_TASK DETAILS:_
Skip the pictures. Output only the lines below starting at the line with "BMW 740LI XDRIVE" and ending at the line with "headlights   10513Start/stop engine   97Auto", both ends included, exactly as they are.

_PROVIDED DATA:_
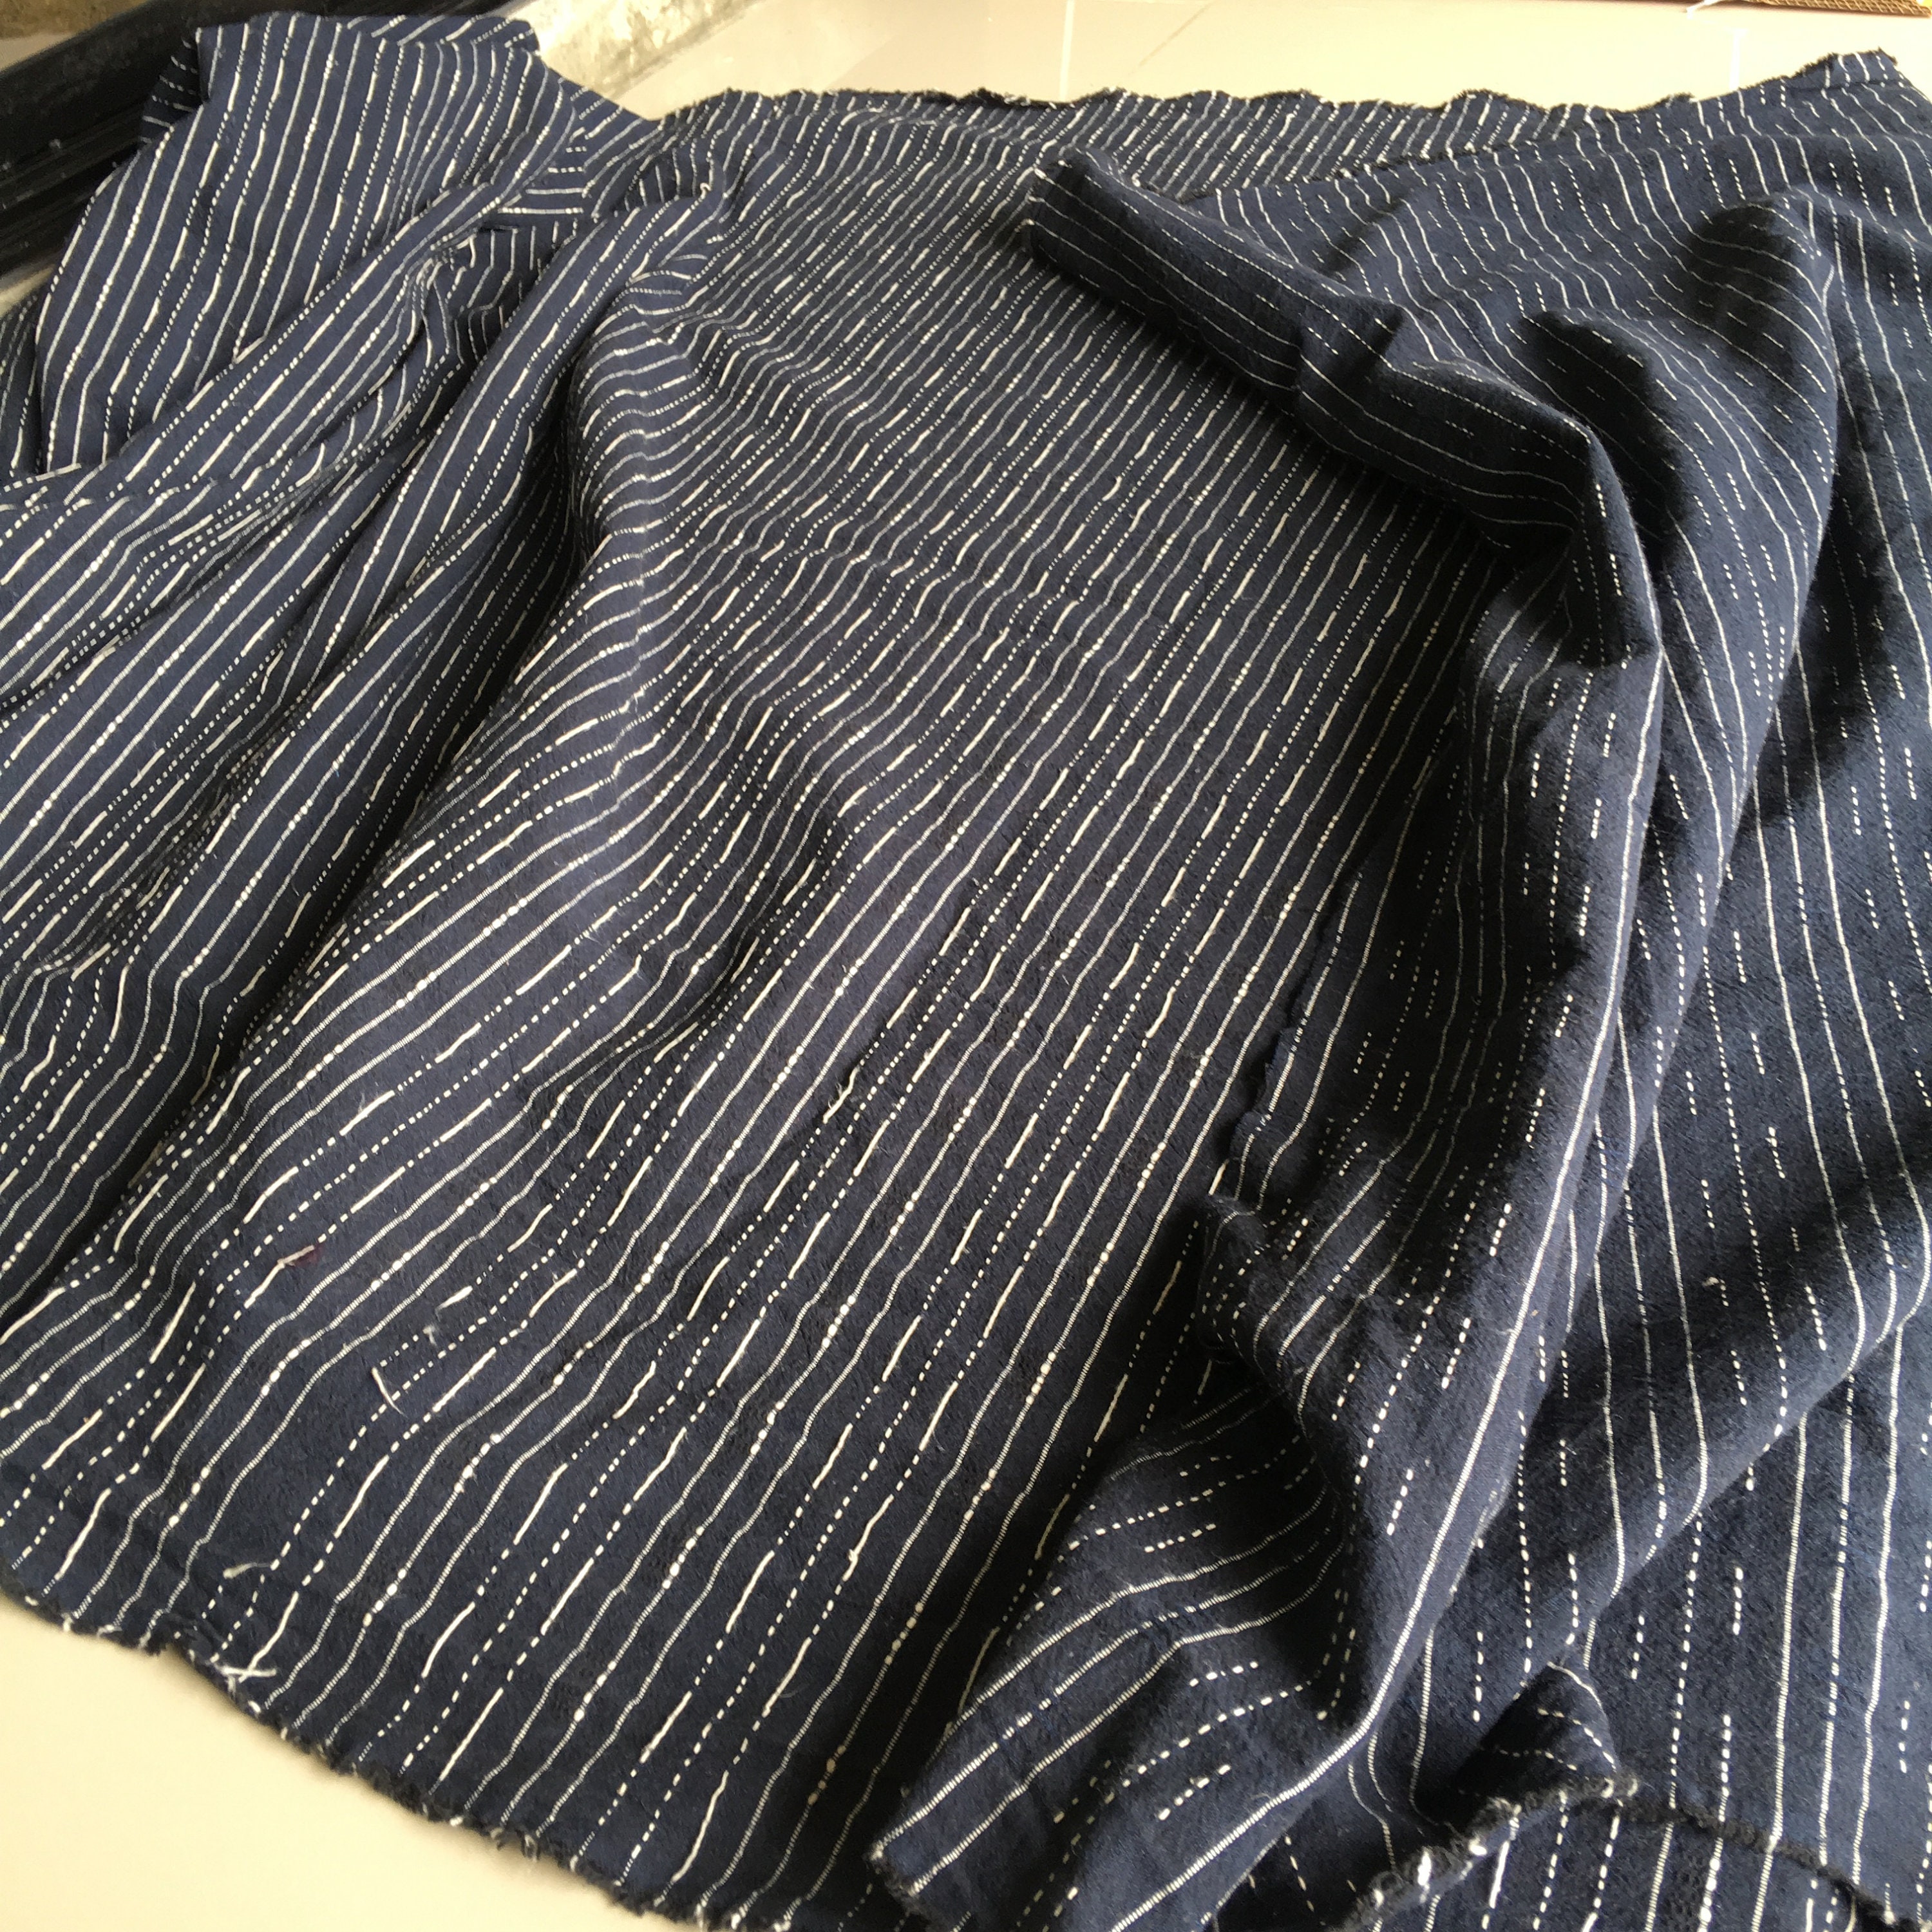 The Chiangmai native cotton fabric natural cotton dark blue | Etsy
---
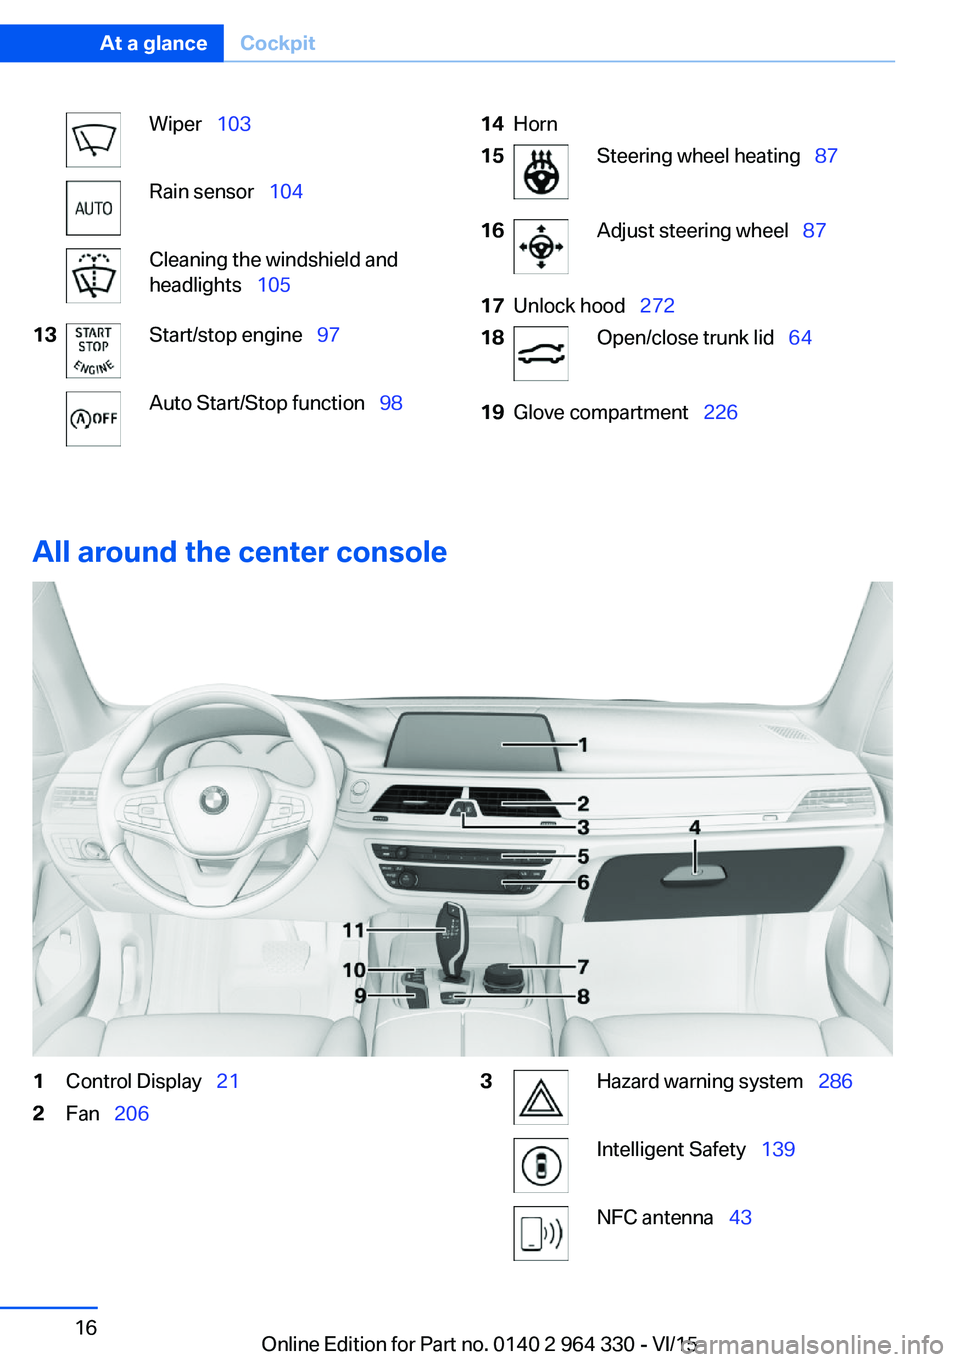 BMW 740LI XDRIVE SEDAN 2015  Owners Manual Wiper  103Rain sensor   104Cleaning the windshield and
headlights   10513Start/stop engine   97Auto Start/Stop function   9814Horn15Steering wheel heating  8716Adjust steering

_SOLUTION TO THIS EXERCISE:_
 BMW 740LI XDRIVE SEDAN 2015  Owners Manual Wiper  103Rain sensor   104Cleaning the windshield and
headlights   10513Start/stop engine   97Auto Start/Stop function   9814Horn15Steering wheel heating  8716Adjust steering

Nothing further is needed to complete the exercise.